Supporting configurable IP addresses should be relatively straightforward to implement, but configuring the slot requires patching many addresses in the player binary and would take additional effort.
For now you'll need to build this yourself. The makefile in the player/ directory uses the excellent Apple2BuildPipeline from Jeremy S. Rand, which requires Mac OS X.
Tight coupling of player and video format
Because the transcoder effectively compiles the video for a particular version of the player (by reading the symbol table and emitting player opcode addresses into the byte stream), this means that any changes to these symbol offsets will mean the player is unable to play back existing videos (and will likely crash, hang etc when JMPing to a random offset)
Future improvements
Video quality improvements
Global optimization
The current approach to minimizing error uses a "greedy" algorithm of picking the single highest-value (page, offset) to store, then looking for 3 more offsets whose error will be maximally reduced. This is faster to compute but may not be globally optimal, e.g. the best value to store to minimize the total error of 4 offsets may not even be any one of those target content bytes (e.g. some intermediate value) Directly solving the joint optimization problem of picking the best (content, page, offsets) should give a higher fidelity video stream, at the cost of being more CPU-intensive to encode.
Direct image encoding
The current approach of first producing a "ground truth" memory representation of the image (using BMP2DHR) and then trying to minimize deltas from the current memory frame, is effectively an approximation of an approximation of the true image. e.g.
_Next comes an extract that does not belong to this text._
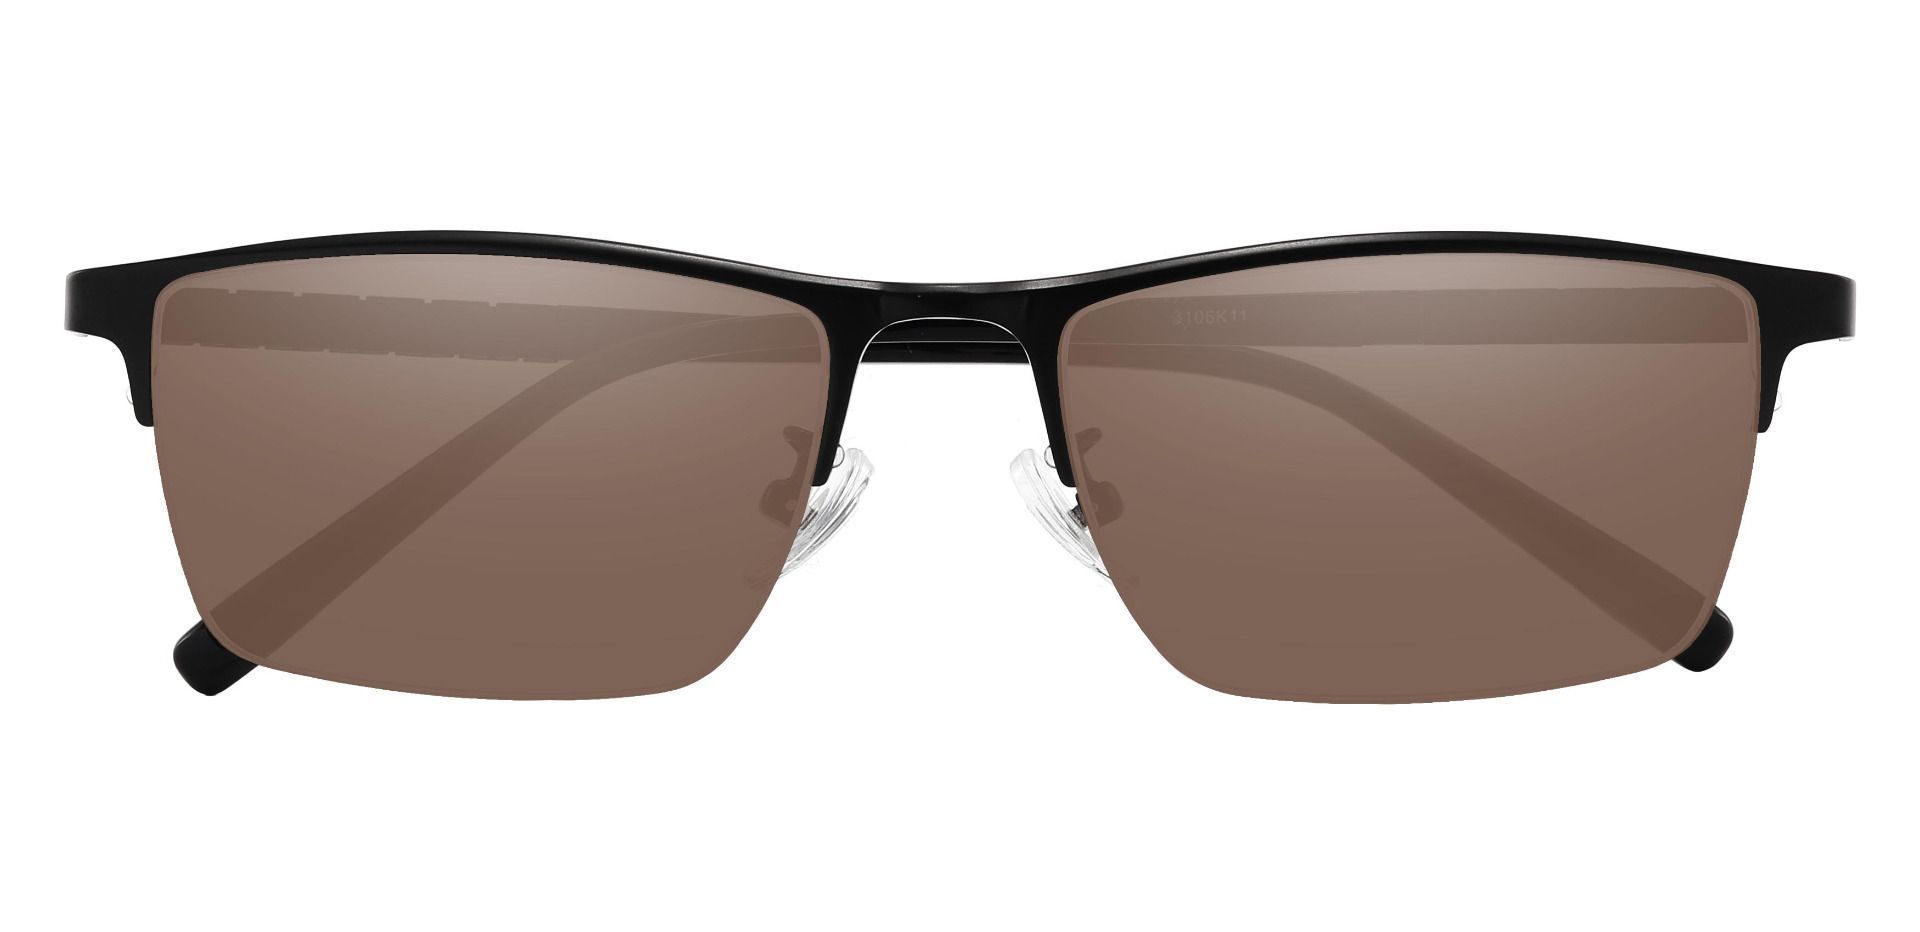 Maine Rectangle Non-Rx Sunglasses - Black Frame With Brown Lenses

BMP2DHR does not seem to be aware of NTSC artifact colours, and may have a lower image quality than ideal.
Also, since our image-formation constraints are novel (storing 4 random byte offsets at once), we may be able to perform error diffusion in a way that is better adapted to this scheme.
Mono playback mode
Adding video support optimized for playback on monochrome monitors should be straightforward, since the underlying dot model is already implemented.
Looser coupling between player and transcoder version.
It should be possible to at least detect a mismatched player and transcoder version by maintaining a player version number and including this in a video header.
The video transcoder should be able to detect when the symbol addresses have changed (e.g. by maintaining a cache of versions and symbol addresses) and require the version to be incremented.
With a version cache the video server could also translate on the fly by interpreting the byte stream and mapping old offsets to the appropriate values for the current player version.
Interactive video selection
Currently the player will attempt to connect to the server and stream whatever video is offered. It would be possible to implement interactive selection of the video file to play.
Playback controls
Seeking in the stream would require more work (since currently there is no communication in the Apple II --> server direction). Also since the encoding is not real-time, this would either require significant optimization (perhaps rewriting at least the critical path of the encoder in C), or living with the resulting "video tearing" that would result from switching to a random place in the video stream.